An accurate full-dimensional H4O potential energy surface and dynamics of an exchange reaction

H2O and H-2 are ubiquitous in the universe and their collisions play a crucial role in astrophysical processes. The reaction between the two also provides a prototype for understanding dynamics through four-center transition states. In this work, we adopted a strategy of combing two ab initio methods, CCSD(T)-F12a/AVTZ and MRCI-F12 + Q(rot)/AVTZ, to provide a balanced description for all regions of the configuration space, including one hydrogen exchange channel and two dissociation channels, namely H-2 + H2O, H + H + H2O, and H + OH + H-2. About 40 500 points were sampled to cover all dynamically relevant space, and the permutation invariant polynomial-neural network (PIP-NN) method was employed to develop a high-precision full-dimensional potential energy surface (PES), with a total fitting error of 0.055 kcal mol(-1). Using a quasi-classical trajectory (QCT) method, the reaction dynamics and mode specificity of the hydrogen exchange channel were studied on the PES. It has been found that the stretching mode of H-2, the bending, the symmetric stretching, the asymmetric stretching mode of H2O, and the translational mode can all promote reactivity. The strongest promotion effect comes from the H-H stretching mode.
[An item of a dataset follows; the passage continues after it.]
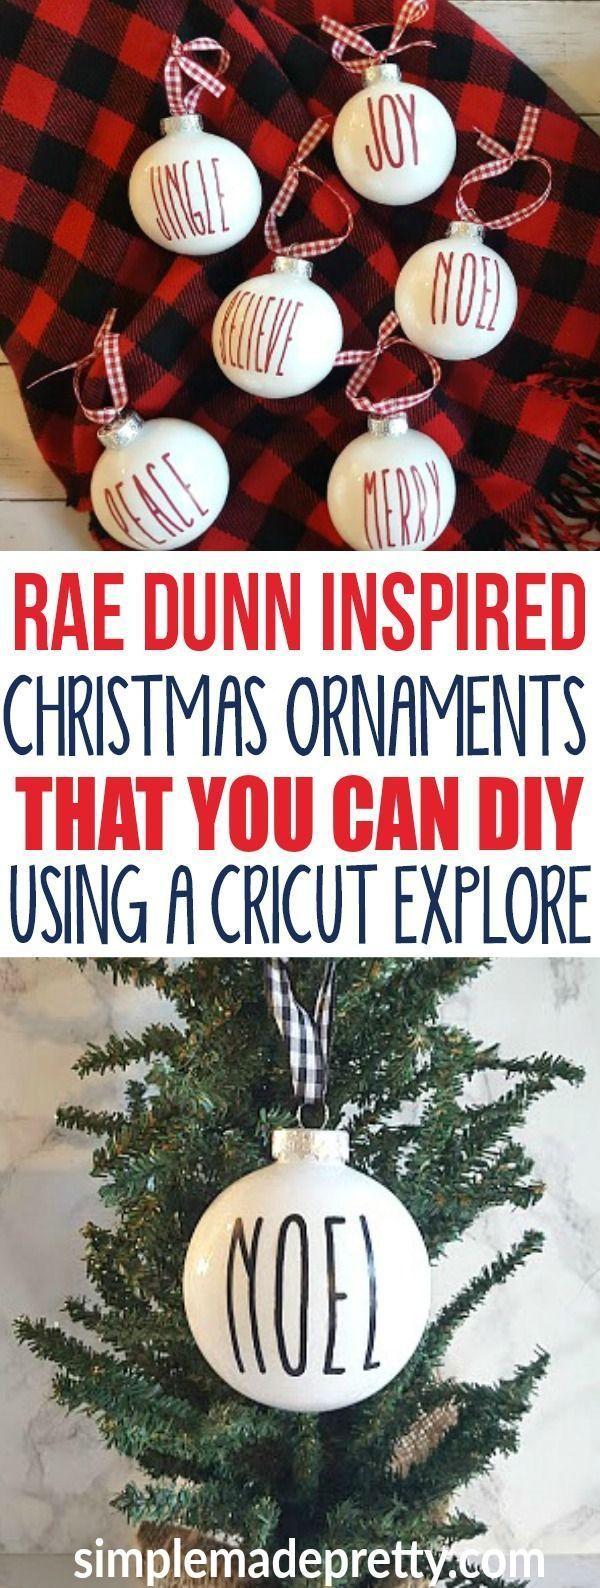 DIY Rae Dunn inspirierte Weihnachtsverzierungen

The Sudden Vector Projection (SVP) model was applied to predict mode specificity effects and rationalize the product energy partitioning. In both cases, the QCT and SVP results are generally consistent with each other. Furthermore, the hydrogen exchange channel was found to be dominated by sideways scattering.

Automated summary

In this study, a high-precision full-dimensional potential energy surface (PES) was developed using a combination of two ab initio methods. The reaction dynamics and mode specificity of the hydrogen exchange channel between H2 and H-2 were investigated. It was found that different vibrational modes can promote the reaction, with the H-H stretching mode having the strongest promotion effect. The Sudden Vector Projection (SVP) model was applied to predict mode specificity effects and explain the product energy partitioning. The hydrogen exchange channel was dominated by sideways scattering.